Building Better AI Brains: How DeepSeek Solved the Hidden Instability Problem in Neural Networks

When you train a large language model, you’re essentially teaching a neural network to predict the next word in a sequence. But as these networks get deeper adding more layers to process information they become increasingly unstable. It’s like trying to build a tower of blocks where each new layer makes the whole structure wobble more precariously. For decades, researchers have managed this problem with a simple trick called residual connections. But now, a team at DeepSeek-AI has discovered that a promising new approach to make these networks more powerful actually breaks this stability mechanism and they’ve found an elegant mathematical solution.

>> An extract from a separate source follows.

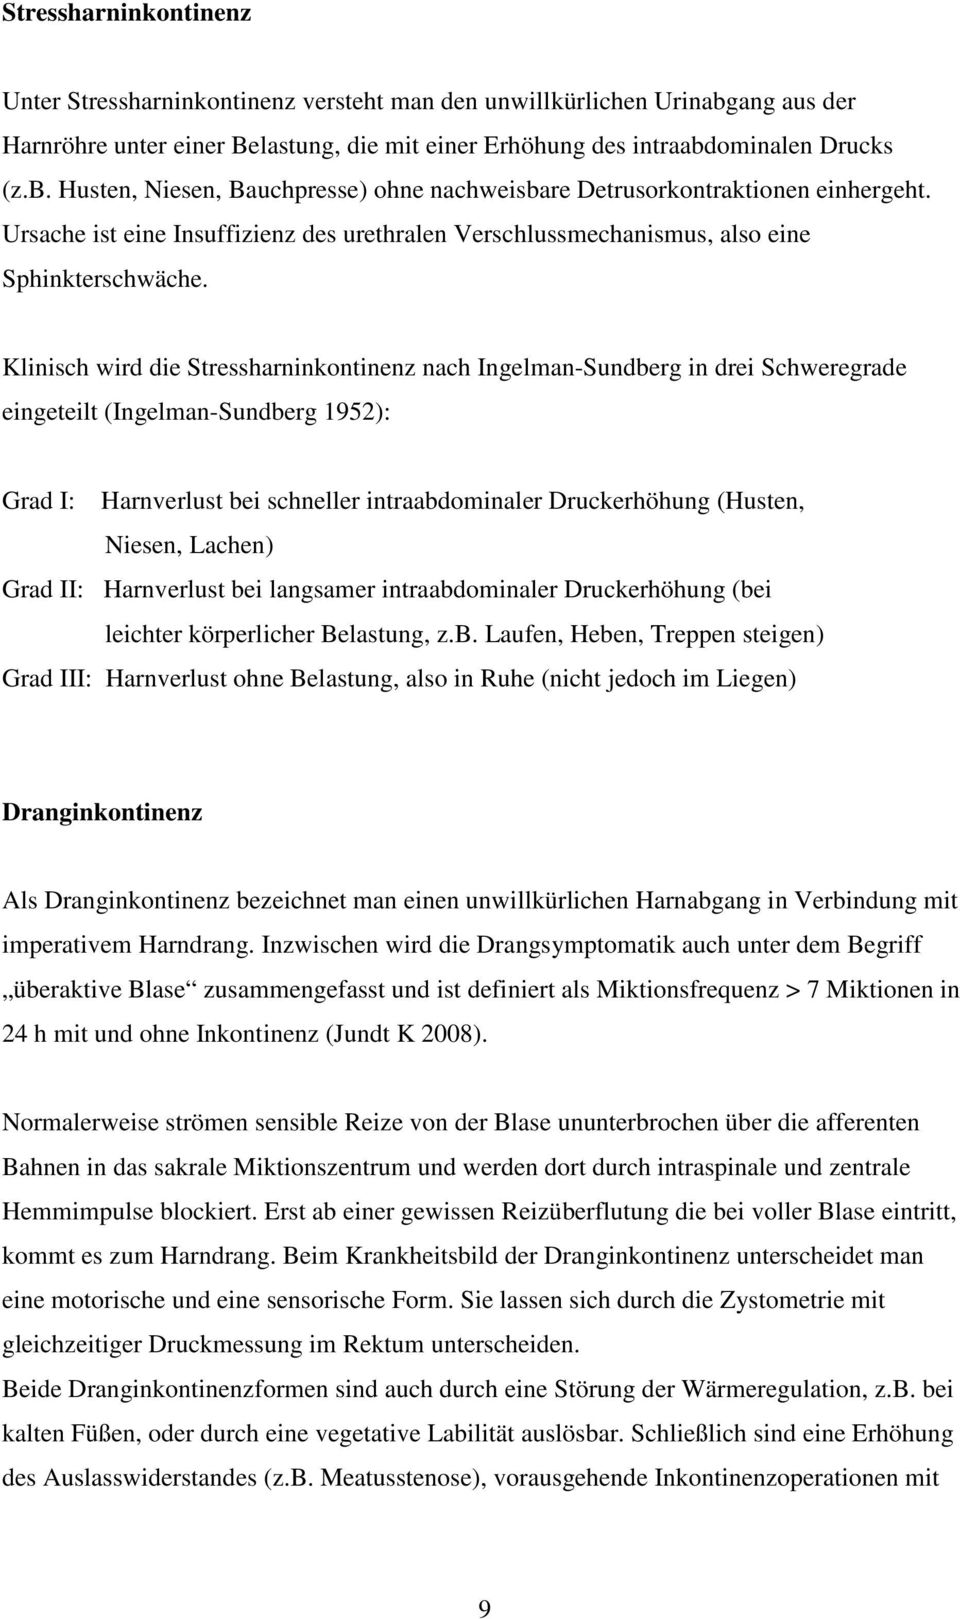 Klinisch wird die Stressharninkontinenz nach Ingelman-Sundberg in drei Schweregrade eingeteilt (Ingelman-Sundberg 1952): Grad I: Harnverlust bei schneller intraabdominaler Druckerhöhung (Husten,

The paper, titled “mHC: Manifold-Constrained Hyper-Connections”, tackles a fundamental challenge in scaling artificial intelligence: how to make neural networks deeper and more capable without them falling apart during training. The solution involves constraining neural network connections to a special mathematical space called the Birkhoff polytope, using an algorithm from the 1960s called Sinkhorn-Knopp. The result is a method that maintains training stability while preserving the performance benefits of more complex network architectures.

The Foundation: Why Residual Connections Matter

To understand why this matters, we need to go back to 2015, when Microsoft researchers introduced ResNets—residual networks—in a landmark paper that transformed deep learning. The key innovation was deceptively simple: instead of just passing information through a layer, they also added a “shortcut” that lets information bypass the layer entirely. Mathematically, instead of computing output = layer(input), they compute output = input + layer(input).

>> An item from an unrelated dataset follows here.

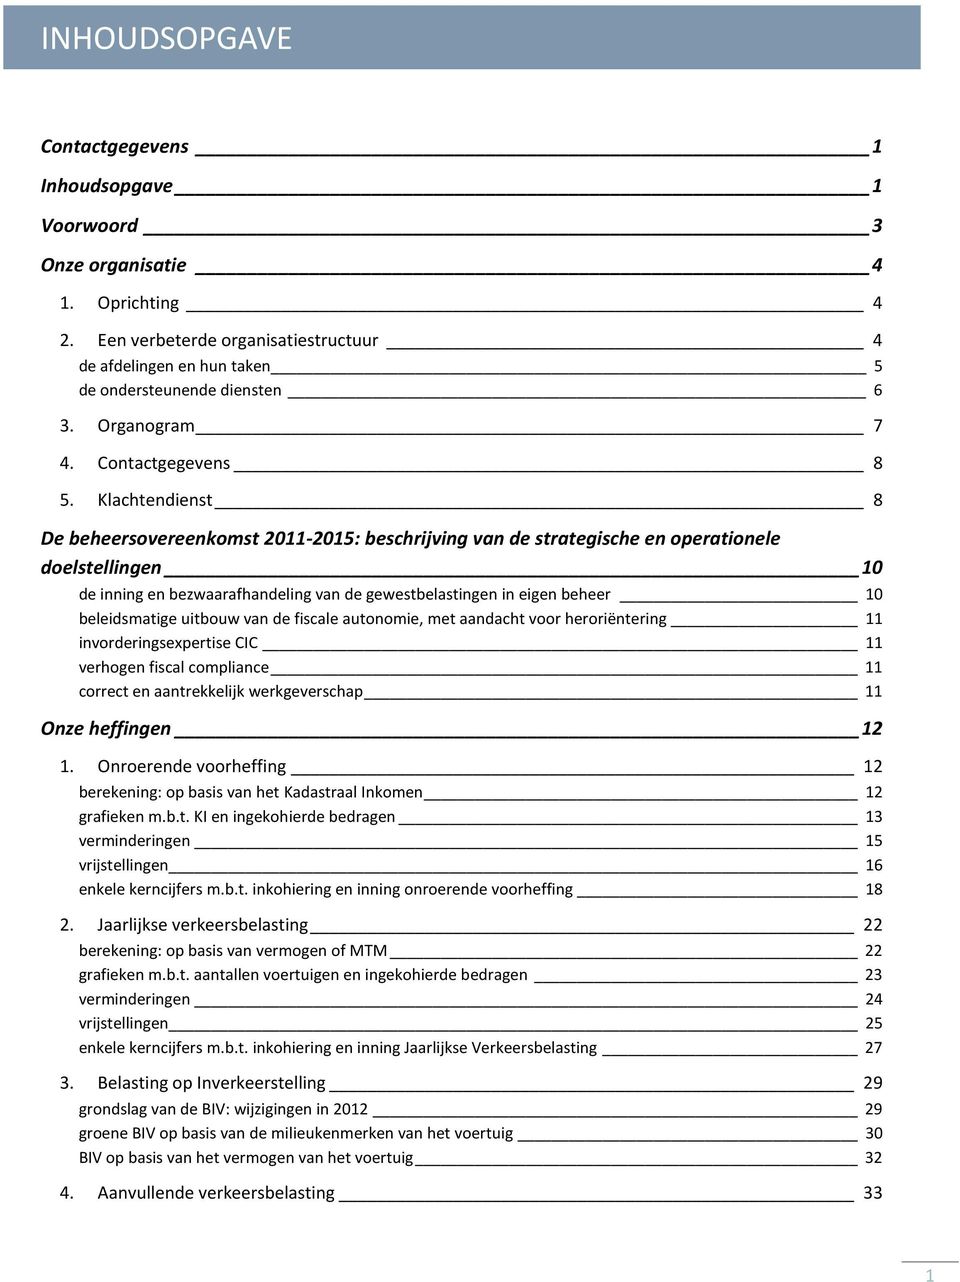 Klachtendienst 8 De beheersovereenkomst 2011-2015: beschrijving van de strategische en operationele doelstellingen 10 de inning en bezwaarafhandeling van de gewestbelastingen in eigen beheer 10

This seemingly minor change had profound consequences. It solved a problem that had plagued deep neural networks for years: the vanishing gradient problem. When you train a network, you adjust the weights by computing gradients—essentially, how much each weight should change to reduce errors. But in very deep networks, these gradients would become so small by the time they reached the early layers that learning essentially stopped. Residual connections prevented this by ensuring that gradients could flow directly through the shortcut, maintaining their strength.

More importantly, residual connections preserve what researchers call the “identity mapping property.” This is a fancy way of saying that the original input is always present in the output, unchanged. This acts as a stabilizing force—no matter what the layer does, there’s always a baseline signal flowing through. It’s like having a guardrail on a bridge: even if the bridge sways, you have something to hold onto.

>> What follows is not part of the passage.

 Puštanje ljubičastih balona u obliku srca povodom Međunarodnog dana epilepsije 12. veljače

This principle became the foundation of modern AI. Transformer models, which power ChatGPT and other large language models, rely entirely on residual connections. They’re so fundamental that it’s hard to overstate their importance.

The Tempting Problem: Hyper-Connections

Fast forward to 2024. A group of researchers published a paper on “Hyper-Connections” (HC), proposing a way to make residual connections more powerful. Instead of just adding the input to the layer output, they introduced learnable matrices that could mix and match information from multiple “streams” running in parallel through the network.

Think of it like this: instead of one highway where information flows, HC creates four parallel highways (or more, depending on the expansion rate). These highways can exchange traffic through learnable gates—controlled by the network itself. This allows for much richer interactions between different parts of the network without significantly increasing computational cost.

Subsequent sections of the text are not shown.